Reproduce exactly only the lines from the line that holds "Kleidung: Alltag und Selbstausdruck" to the line that holds "Figure US20100196821A1-20100805-C00035", inclusive, in the listing below, and please leave out every picture.

[[ Data section, beginning ]]

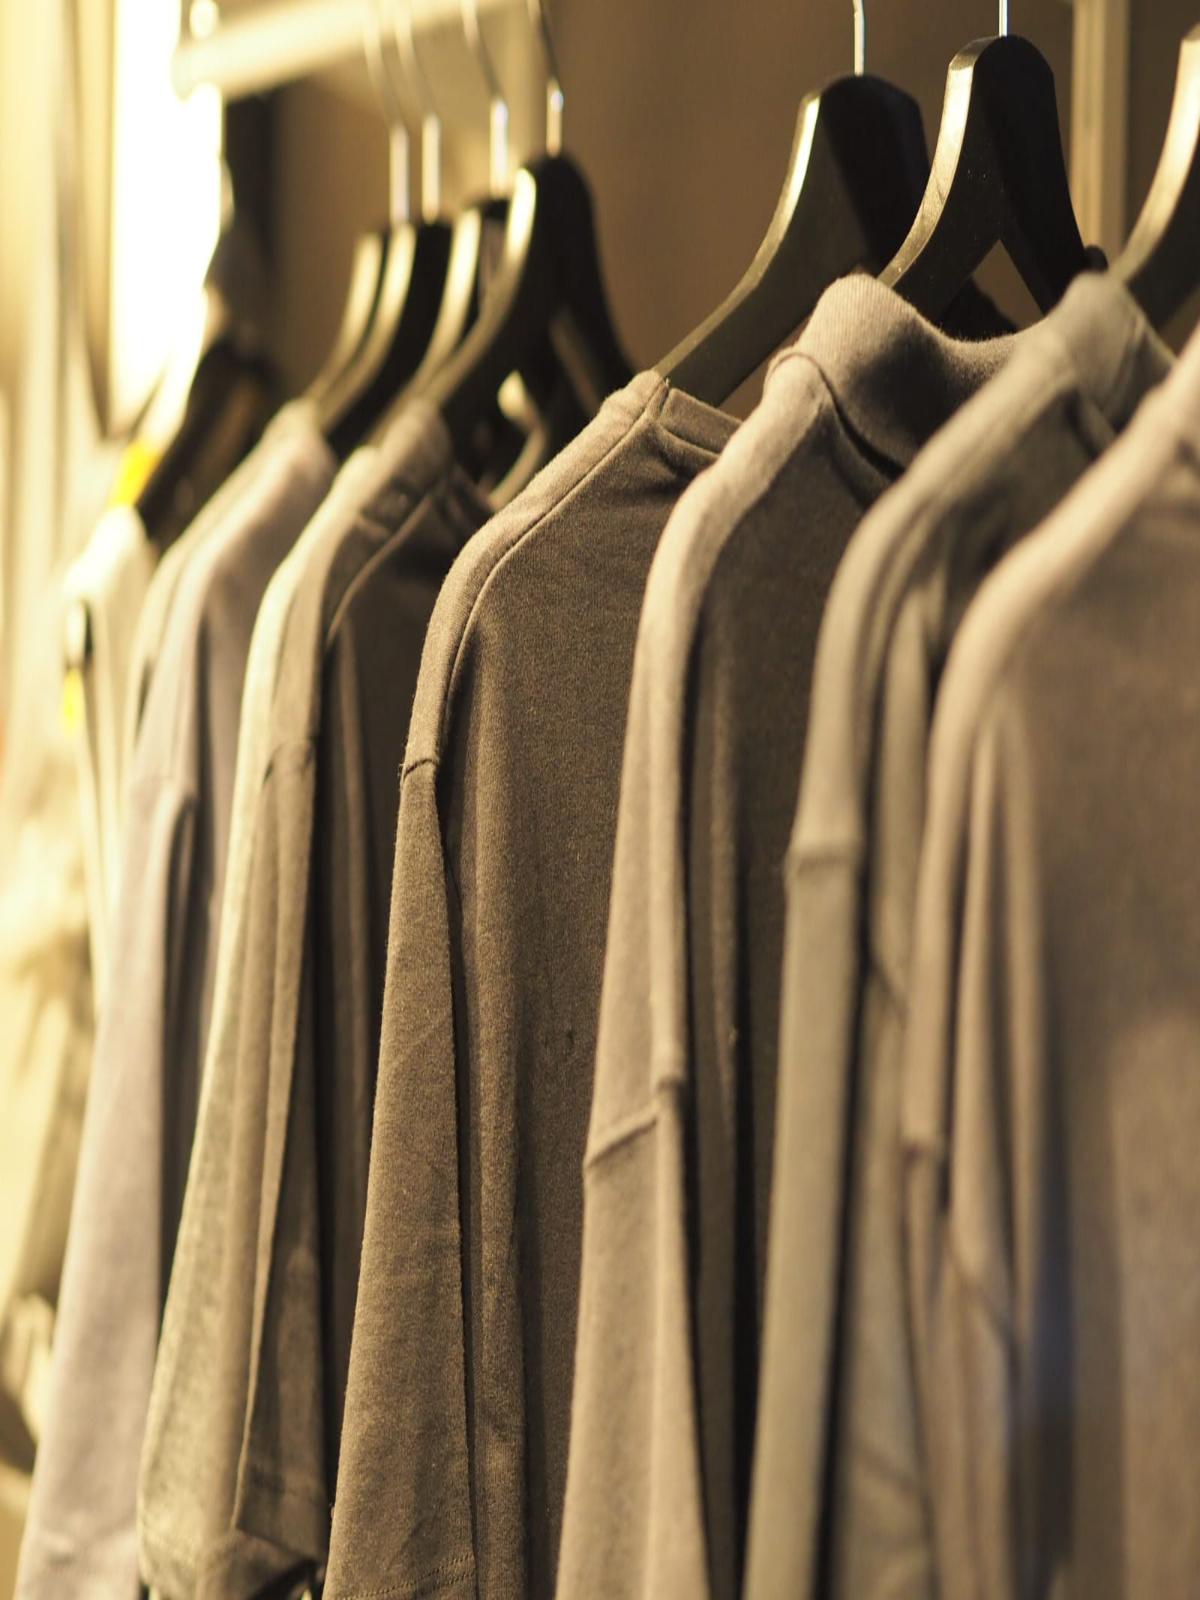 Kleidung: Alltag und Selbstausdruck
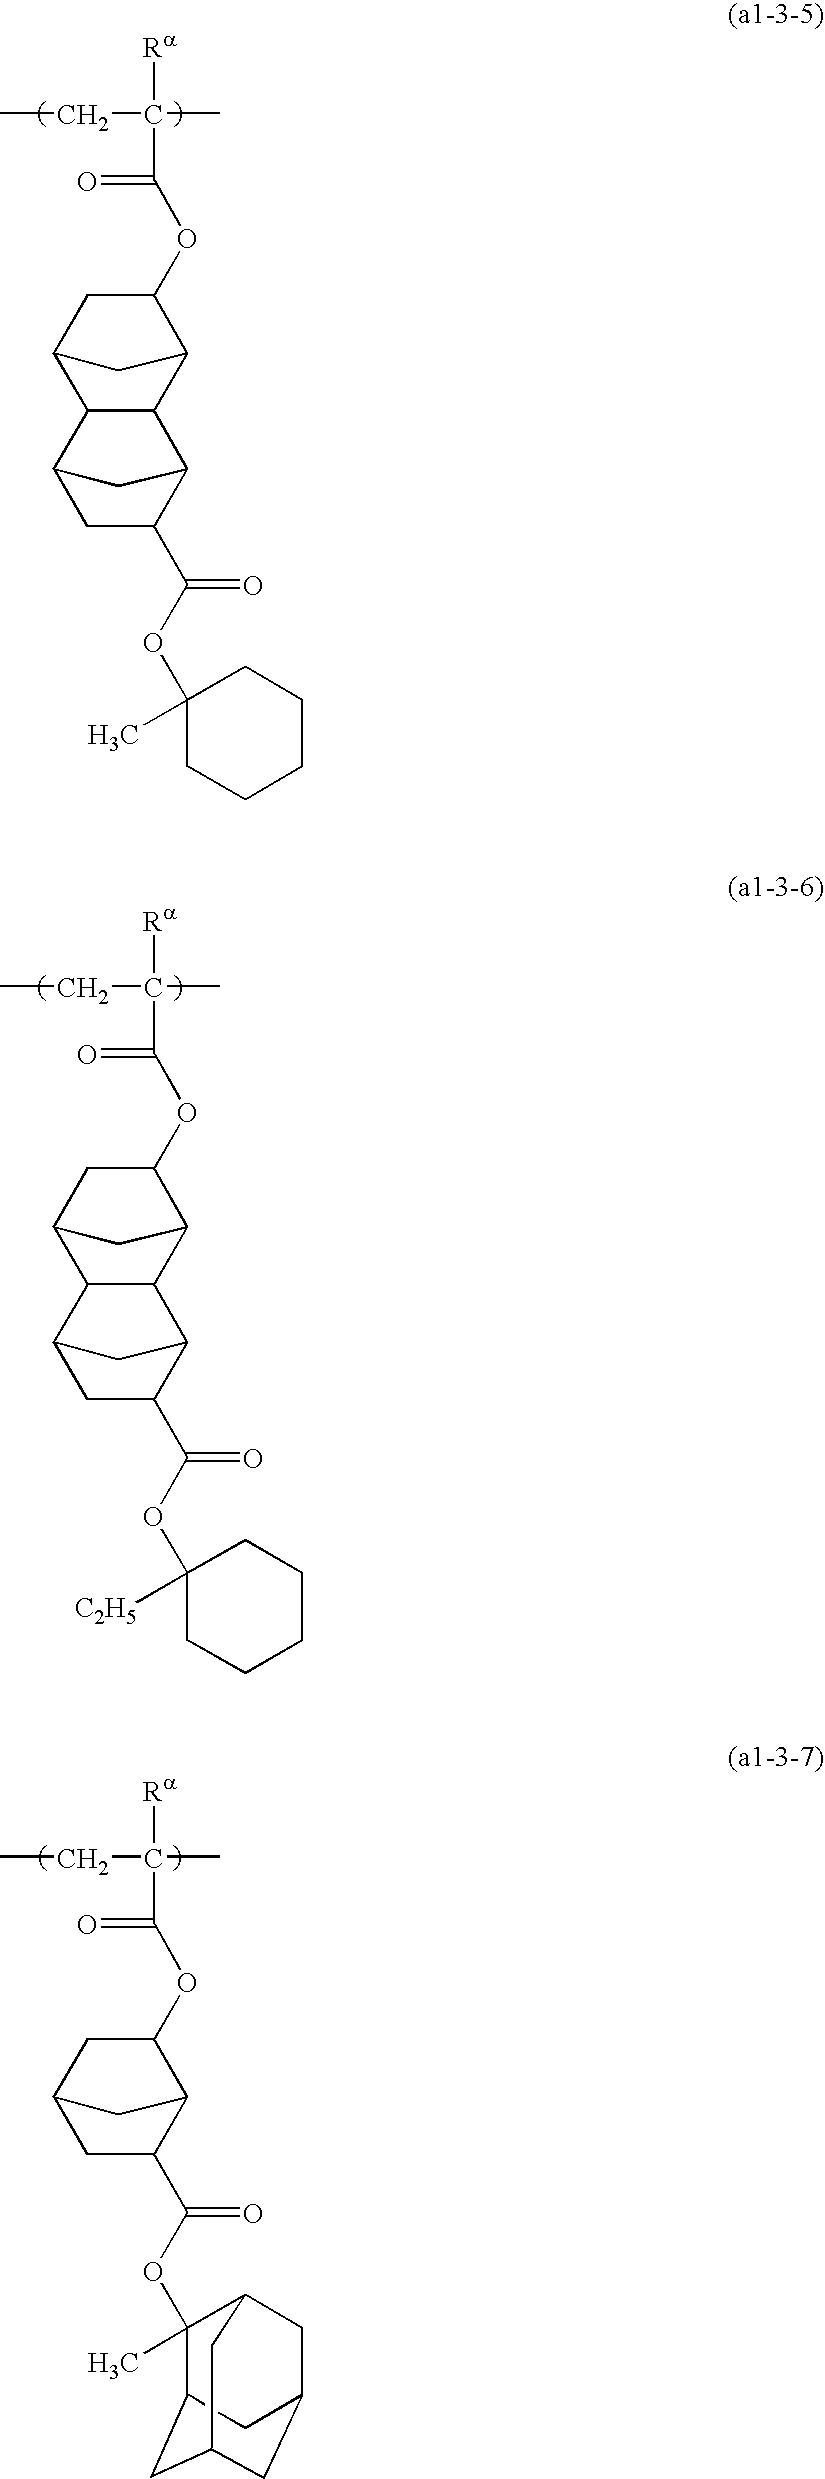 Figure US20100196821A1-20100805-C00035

[[ Data section, end ]]
[[ Data section, beginning ]]

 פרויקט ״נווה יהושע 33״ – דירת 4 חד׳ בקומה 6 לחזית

[[ Data section, end ]]

Answer to the problem:
 Kleidung: Alltag und Selbstausdruck
 Figure US20100196821A1-20100805-C00035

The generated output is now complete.